Most of the talk about NFC inside the iPhone 6 and iPhone 6 Plus has centered around Apple Pay, the iPhone maker’s mobile payments service, but NFC has other uses, too. Android handsets typically use NFC for proximity-based wireless sharing and now The Information is reporting that Apple is considering adding more NFC-based features to the new iPhones, stuff like enabling secure access to buildings and transit fare systems.
According to the article, Apple engineers met with representatives for technology providers like HID Global and Cubic to discuss expanding NFC in the iPhone 6 and iPhone 6 Plus to new uses such as replacing a public transit card or a secure building access keycard.
Reporter Amir Efrati has learned that the new iPhones could effectively replace the NFC-based Clipper card used for California’s Bay Are Transit System.

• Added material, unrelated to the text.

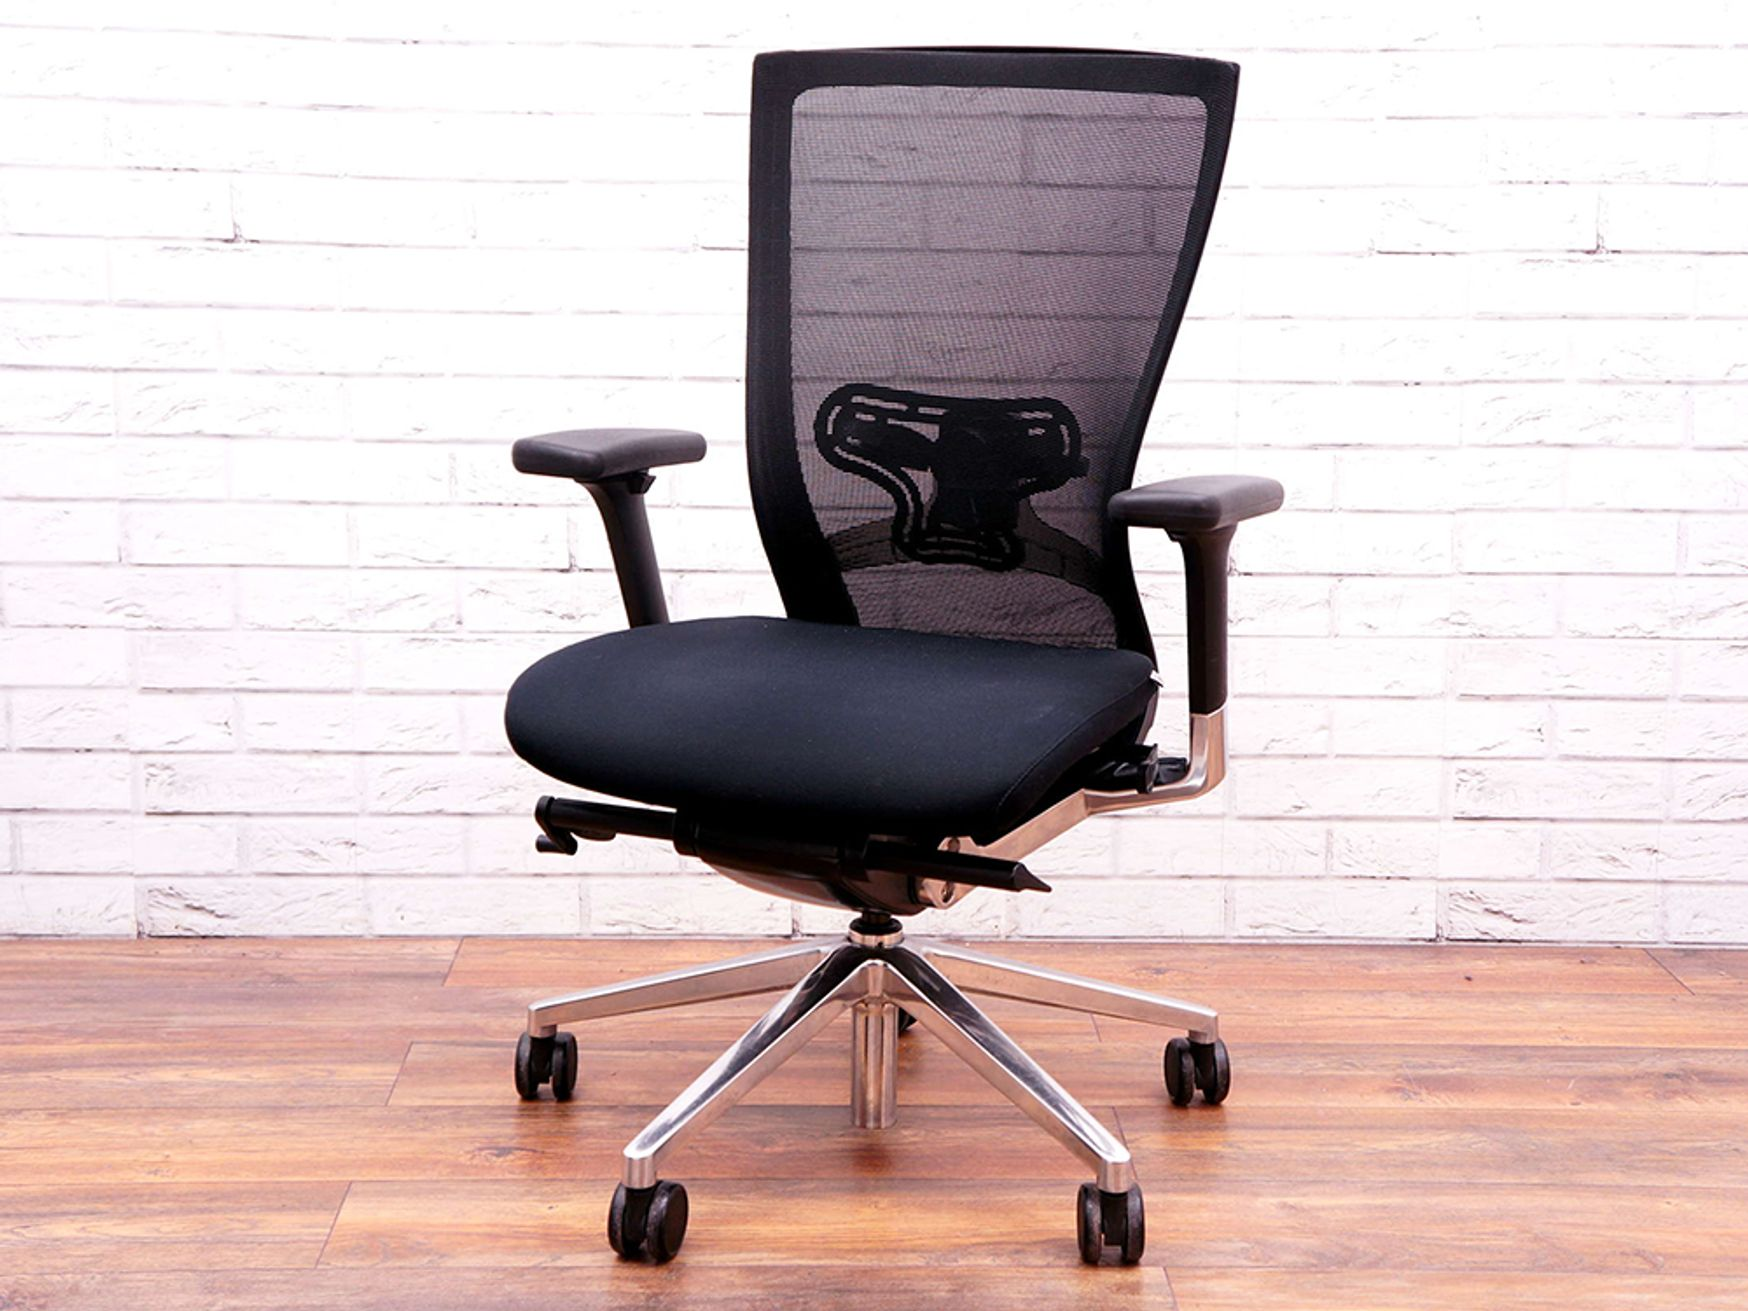 Used Techo Sidiz Mesh Operator Chairs with lumbar Support
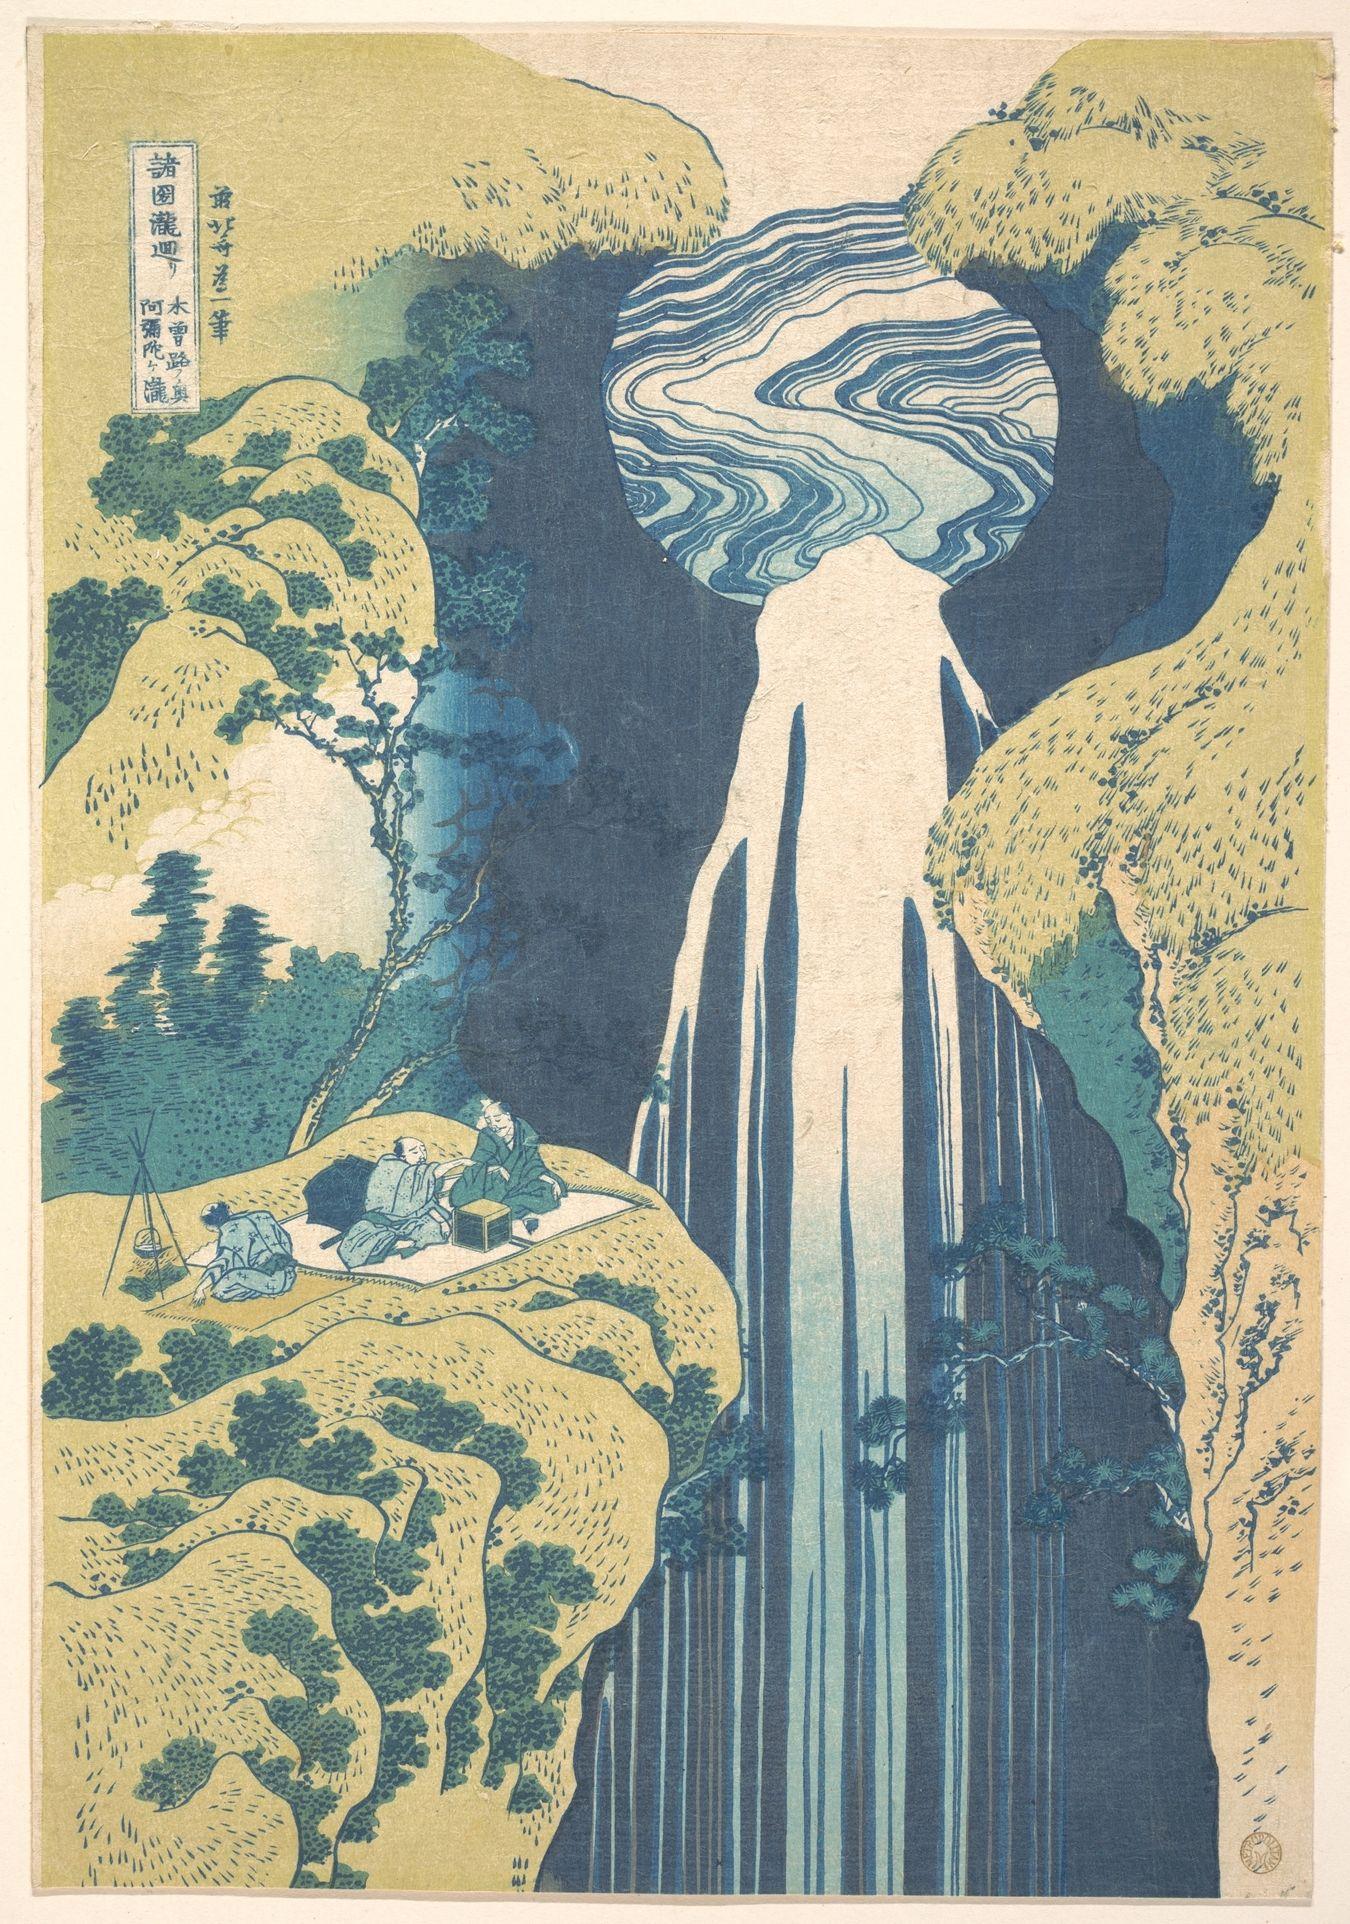 Hokusai, woodblock print

Clipper cards could be easily uploaded into an iPhone 6 or iPhone 6 Plus and the handset’s Secure Element could be used to store related information. As a result, users could be allowed to tap their phones at the BART turnstiles in order to “transmit the information to the card reader using the iPhone’s NFC chip”.
The NFC chip in the handset taps the Secure Element to store device identification number and tokens used for mobile payments. This data is stored in an encrypted form, walled off from apps and the rest of the system and never gets synced to Apple’s servers.
It’s unclear whether Apple might realize the aforementioned partnerships by opening up NFC to third-parties. Though the company currently prohibits iOS developers from using NFC, the move wouldn’t be unheard-of: the Touch ID debuted as an Apple-exclusive before the firm opened up the fingerprint scanner for third-party development with the arrival of iOS 8 this Fall.
In other NFC news, leading NFC-terminal maker VeriFone is prompting its clients to upgrade their payment terminals with NFC to get ready for Apple Pay, which has been found to work out of the box with any NFC-outfitted payment terminal.
And as merchants like CVS and Rite Aid shut down NFC access on their terminals in order to render Apple Pay and Google Wallet unusable during checkout, iOS and Android users have banded together on Reddit to boycott this unethical NFC payment blocking.
Merchants like Gap, Old Navy, 7-Eleven, Sears, Kmart and others are pursuing their own system called CurrentC. Developed by Merchant Customer Exchange, CurrentC bypasses credit card companies and instead prompts users to install a free mobile app.
Using the mobile app, would-be CurrentC users can provide their banking information and social security number in order to directly charge their bank account at the point of sale. All CurrentC transactions automatically keep track of a user’s merchant-issued loyalty programs and reward points.
CurrentC also allows merchants to collect a trove of personal information about shoppers during the checkout. Compared to the simplicity of Apple Pay, CurrentC is a multi-step procedure requiring scanning a barcode shown at the payment terminal with a smartphone.